- [Task item]
When you return the material, keep every line exactly as it is and omit the pictures.

- [Information supplied]

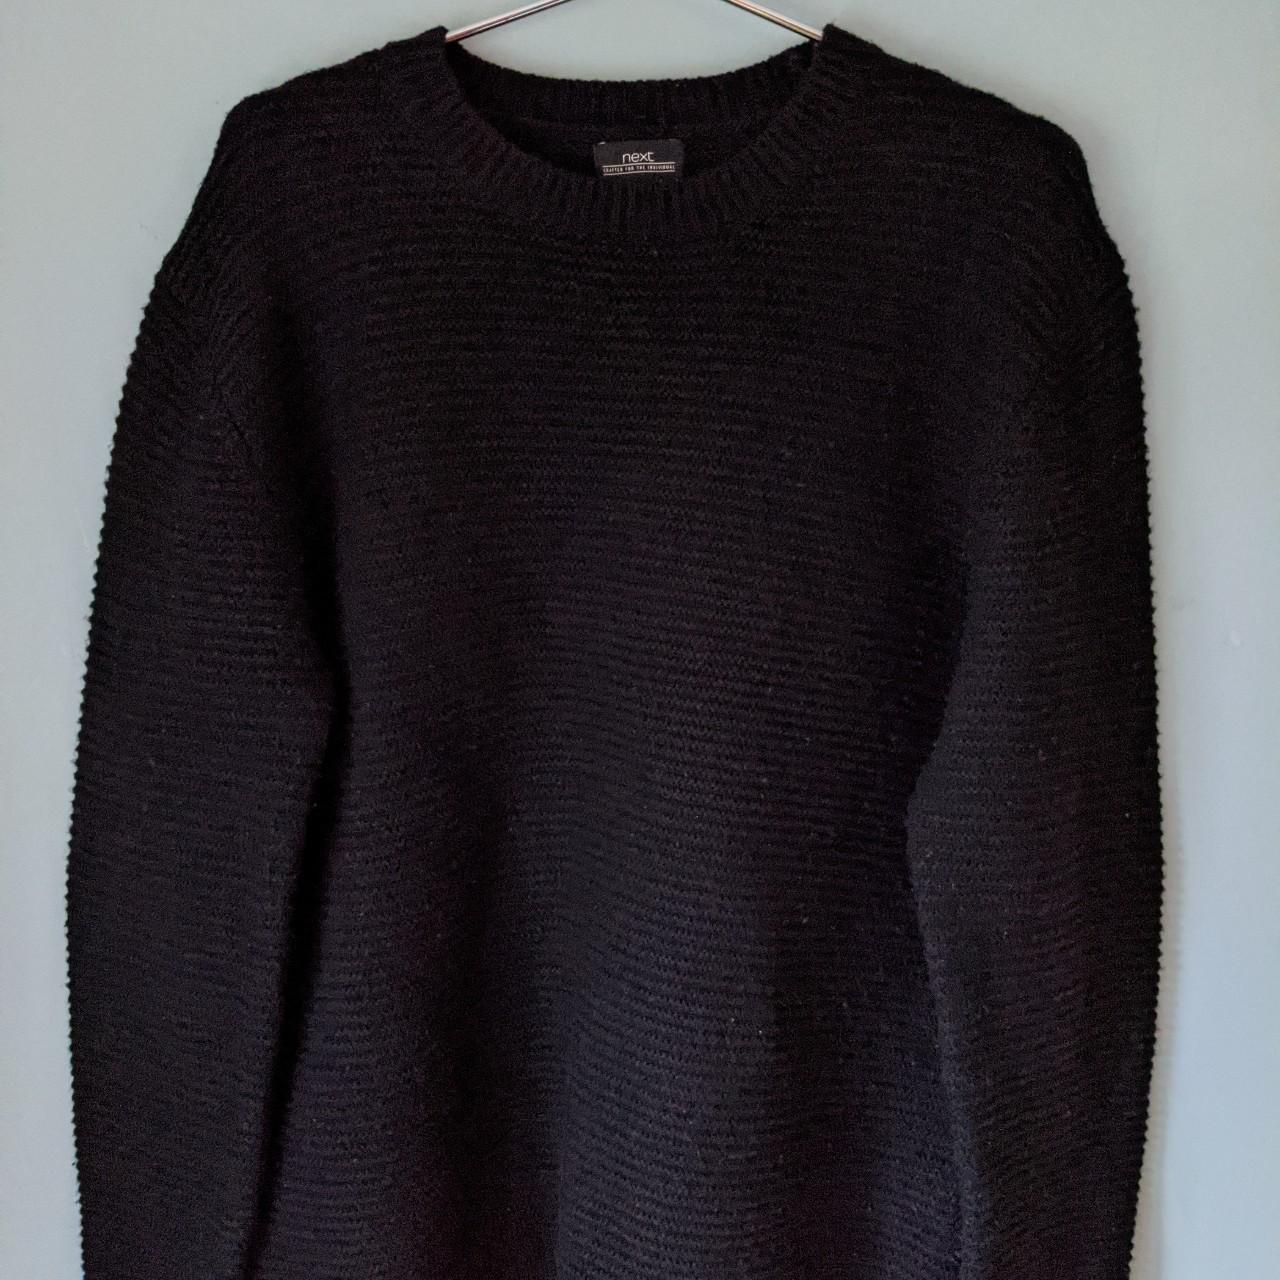 Black Next woolly jumper, very warm, perfect for... - Depop
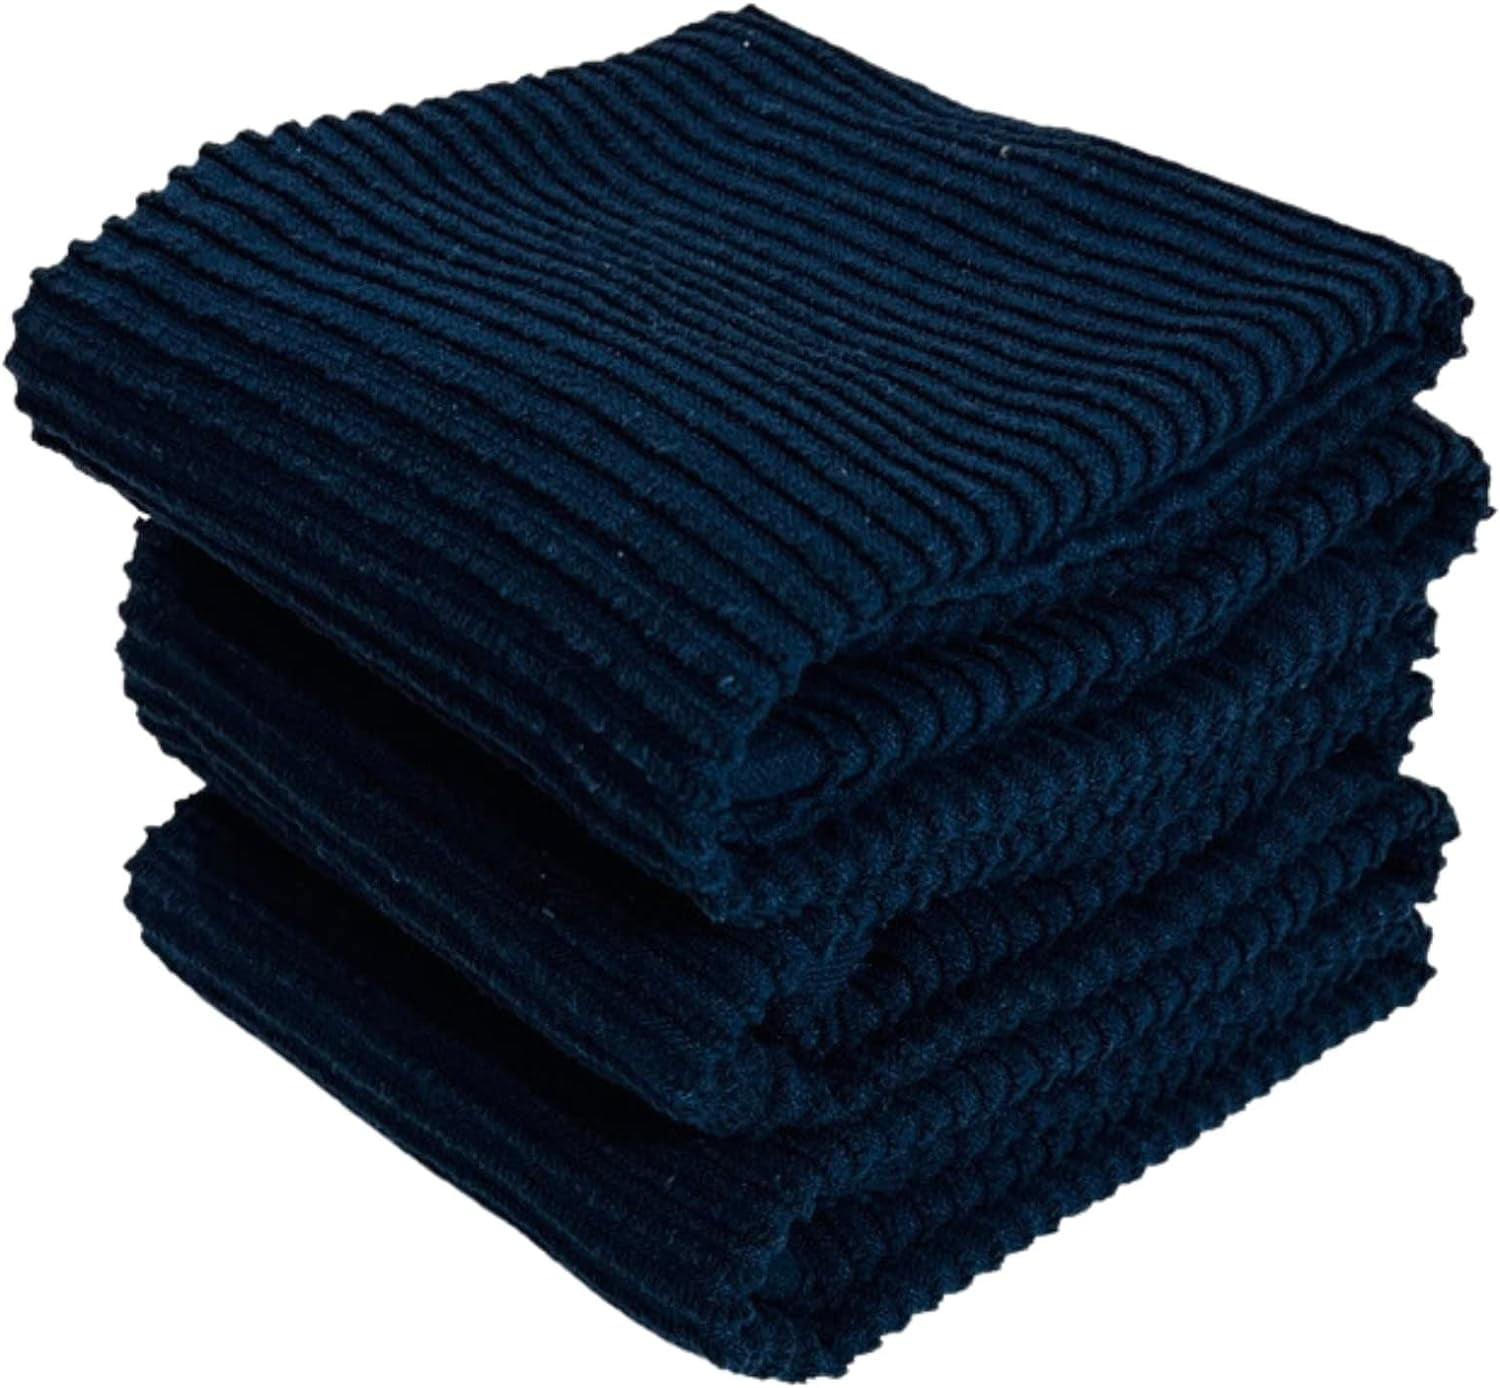 Serafina Home Oversized Solid Color Dark Navy Kitchen Towels: 100% Cotton  Soft Absorbent Ribbed Terry Loop, Set of 3 for Multi Purpose Everyday Use
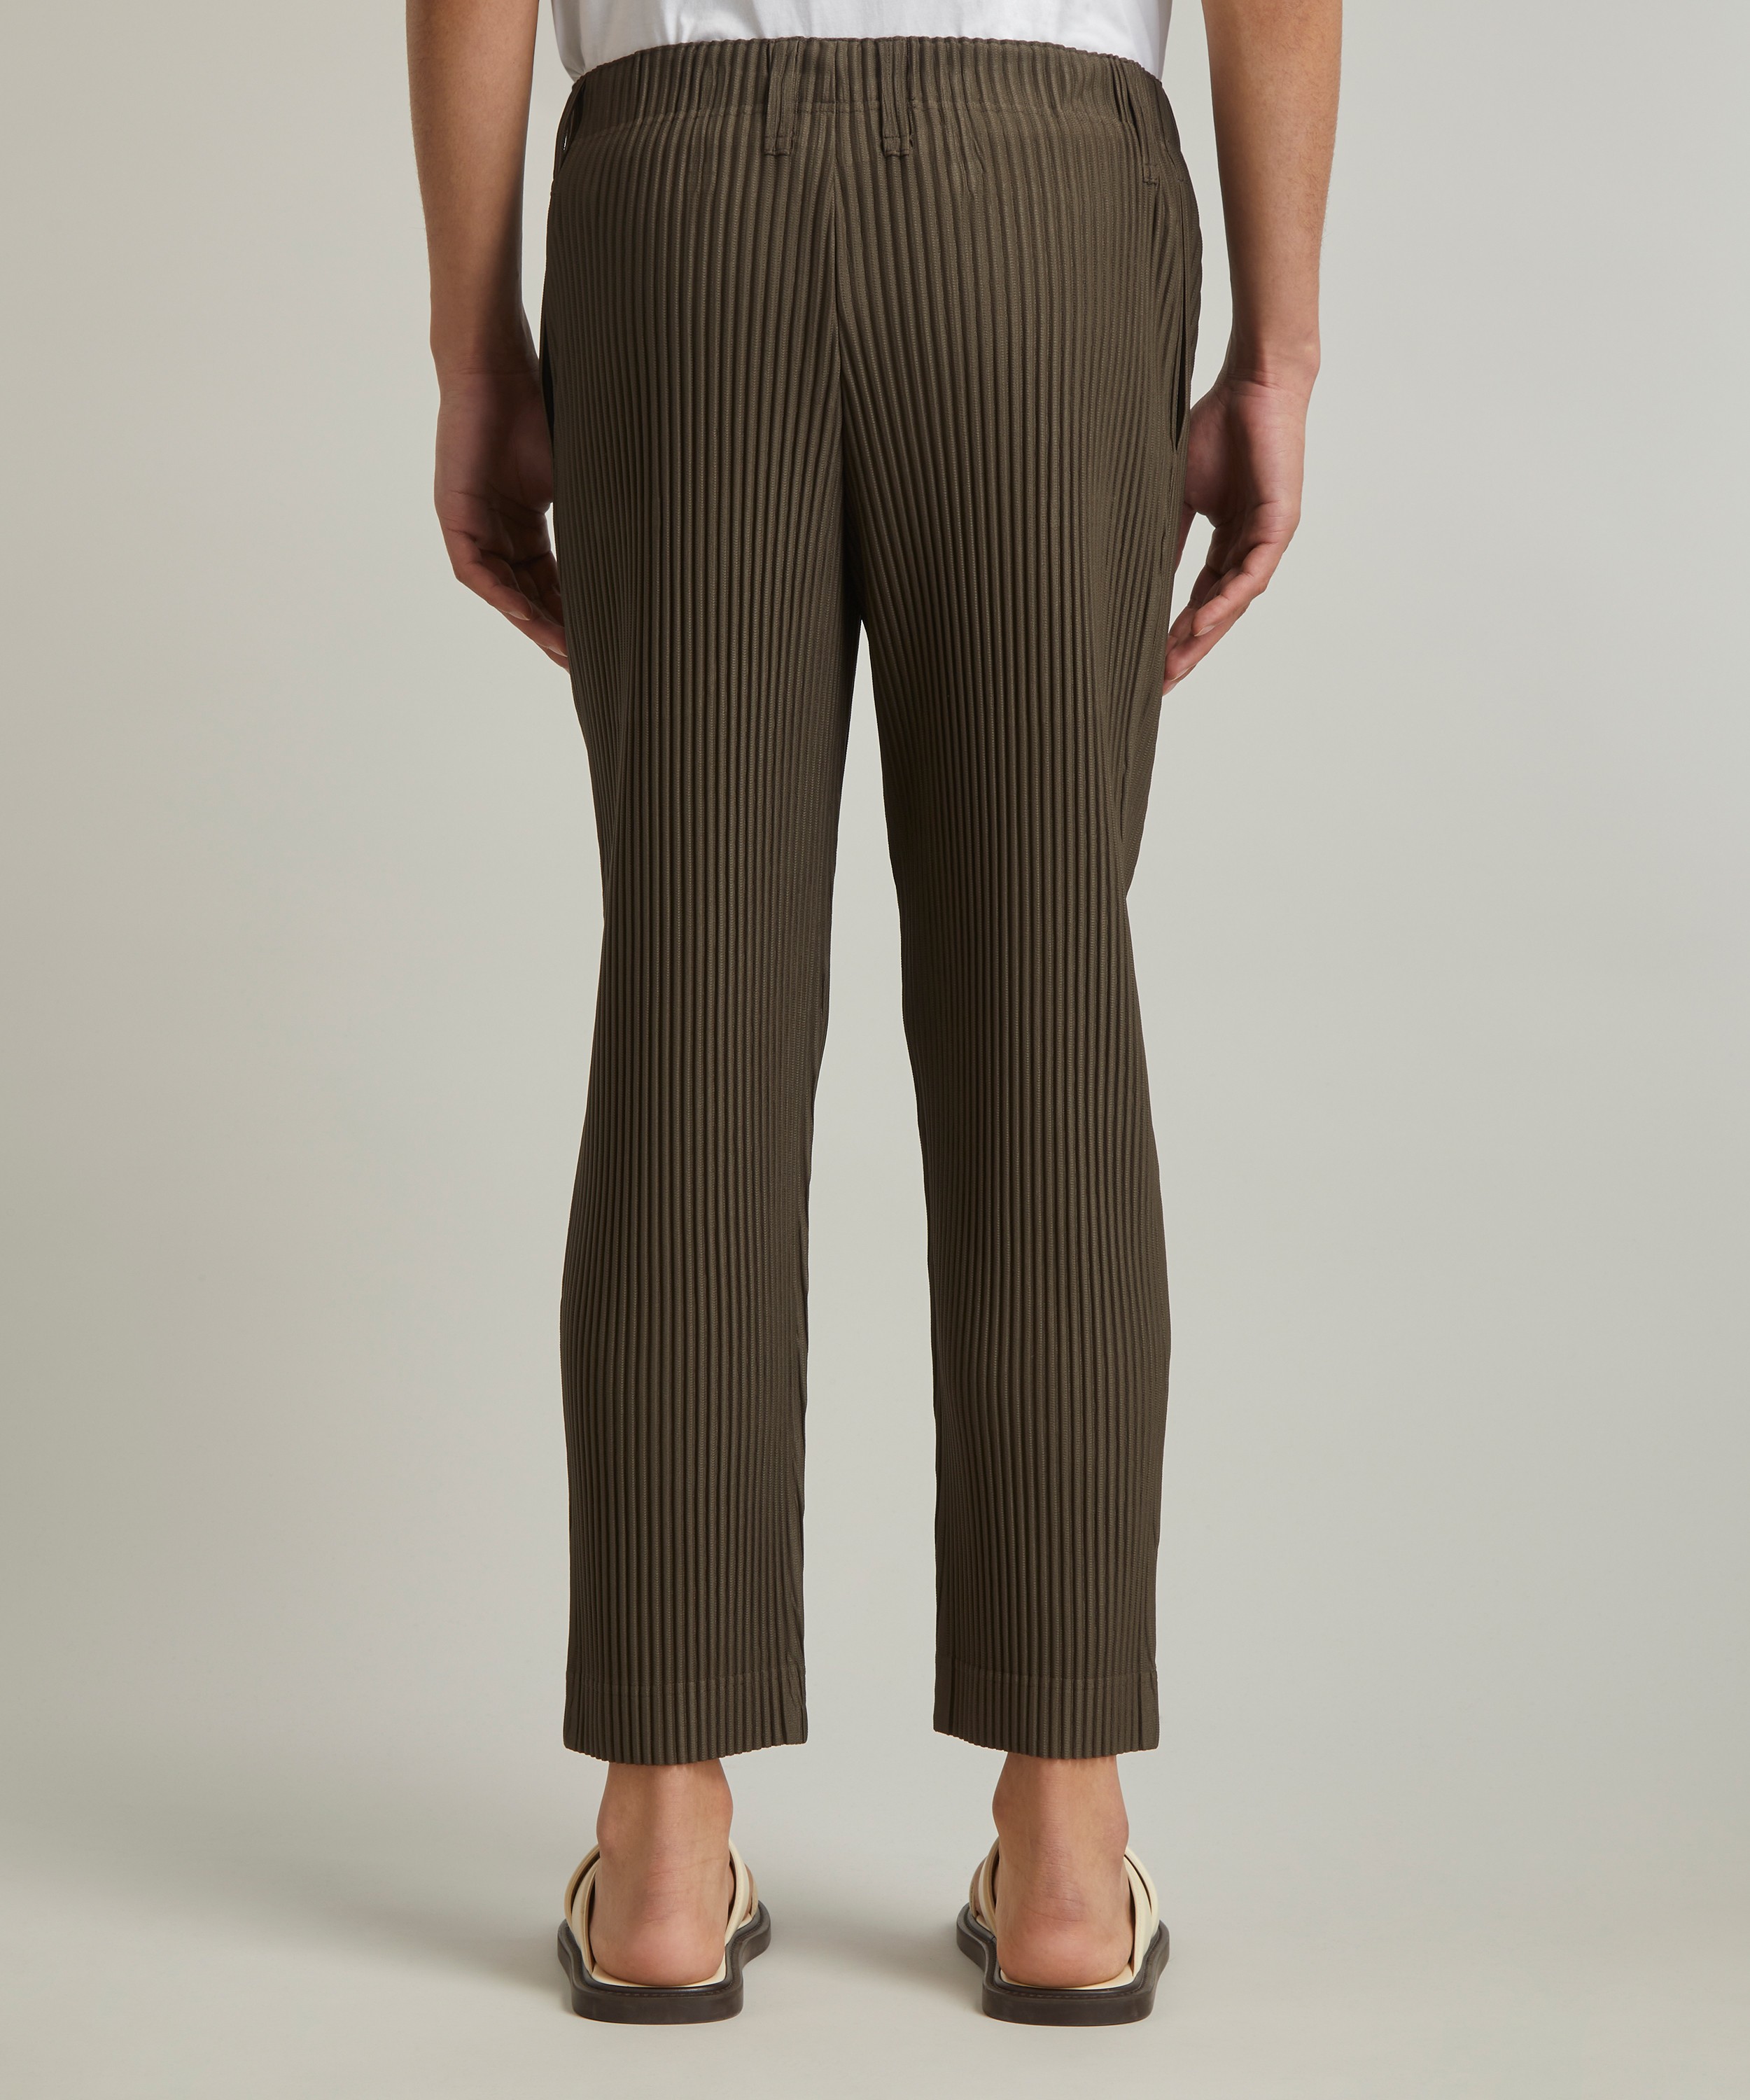 Homme Plisse Issey Miyake Tailored Pleats 1 Straight Trousers

- [Answer to this exercise]
 Black Next woolly jumper, very warm, perfect for... - Depop
 Serafina Home Oversized Solid Color Dark Navy Kitchen Towels: 100% Cotton  Soft Absorbent Ribbed Terry Loop, Set of 3 for Multi Purpose Everyday Use
 Homme Plisse Issey Miyake Tailored Pleats 1 Straight Trousers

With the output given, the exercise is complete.